# Biting is out of control



## kksrats (Jul 25, 2014)

Pip's biting is just absolutely out of control and I don't know how to stop it because he's extremely aggressive about it. I could try to bop him on the nose when he bites and he'd just lunge at the finger doing the bopping. He bites hard and deep and honestly this is the first time I've actually been afraid to pick up a rat. He just bit my wrist and was about a millimeter from puncturing a very prominent vein. I say no very loudly anytime he bites or is lunging but it doesn't phase him at all. I just don't know how I'm supposed to bond with something that just wants to maul me  He's sitting behind me in the chair at the moment and doesn't seem scared to be there and isn't nipping at my back or legs so it must just be my hands that he's got a problem with. Any advice on how to proceed?

Just thought I'd edit with some background about Pip. He came to me after being abandoned at a petsmart and shuffled through a small rescue that didn't have room for him.
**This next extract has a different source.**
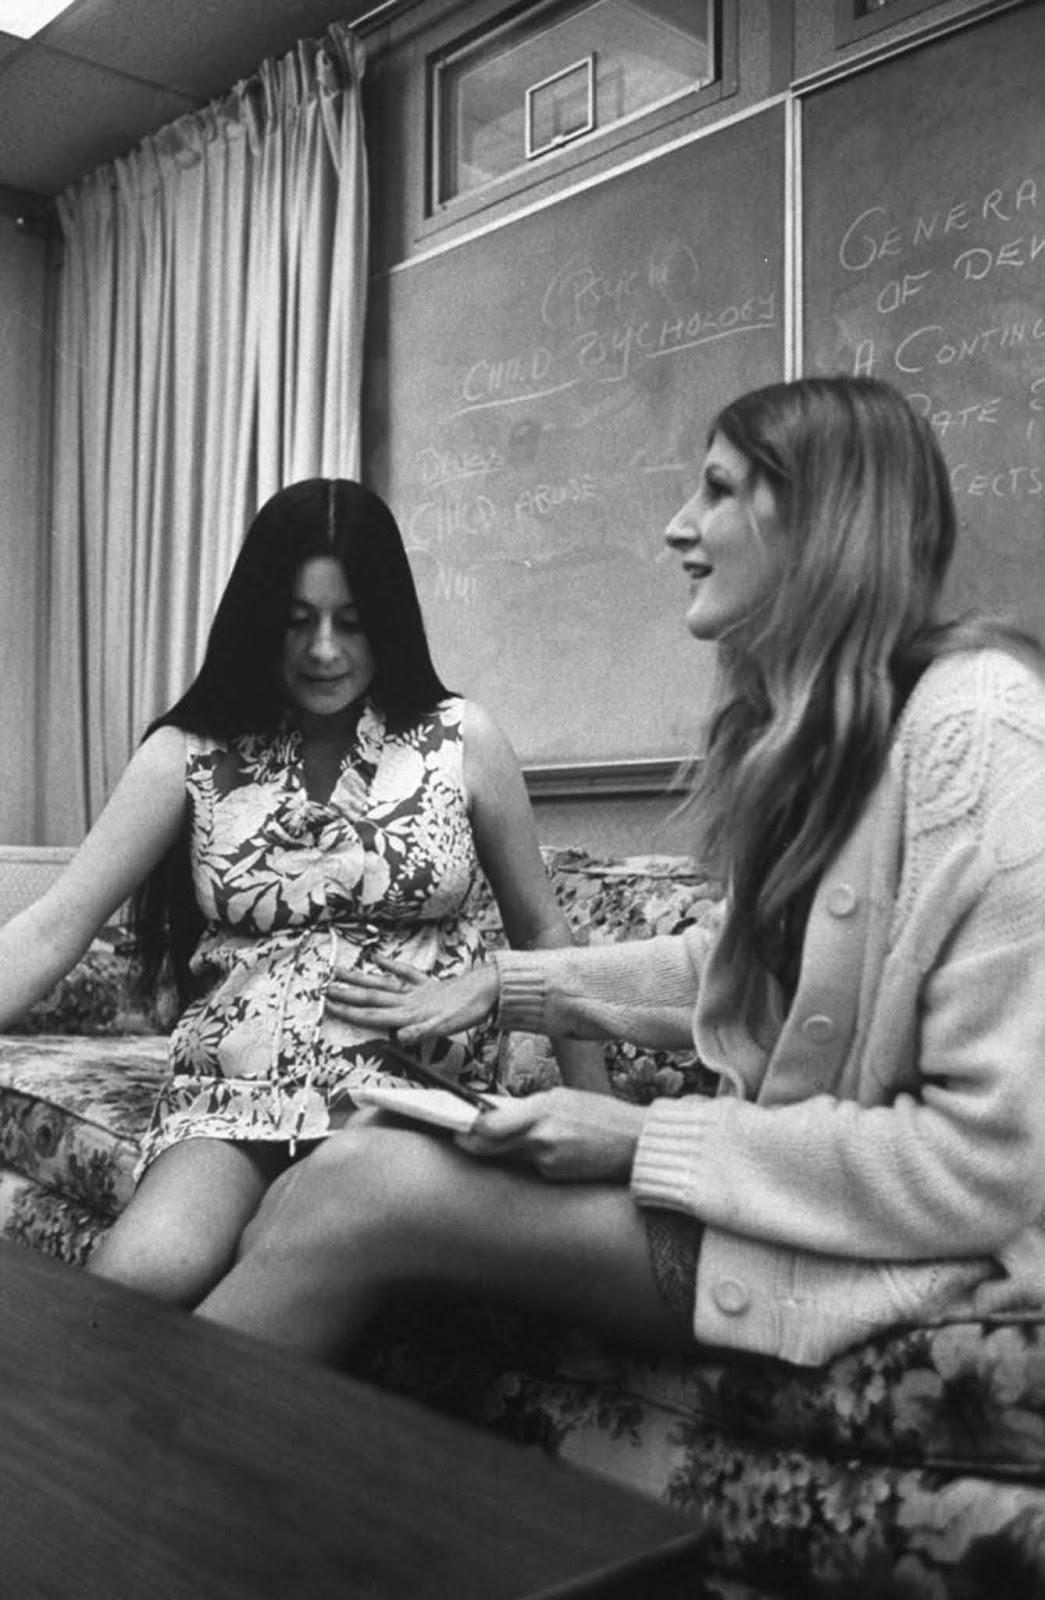 teen_pregnancy_1970s (5).jpg

He was extremely skinny and I could see his spine when I got him. I'm assuming he's around 8-12 weeks (the gap is so significant because he was obviously malnourished). He has since gained weight and looks like an active healthy young rat.


----------



## Rat Daddy (Sep 25, 2011)

The extreme variant of immersion usually works with aggressive rats, it's an ugly procedure but it has a pretty good success rate. The other option is to have him checked by a vet in case there's something healthwise wrong with him... At 8 to 12 weeks old I'd say he's still too young for normal hormonal aggression, so neutering might not be the first option I'd suggest....

Pip sounds like another rat screwed up by a previous owner now suffering from emotional and social issues, but health issues can also have a big impact in his behavior.


----------



## kksrats (Jul 25, 2014)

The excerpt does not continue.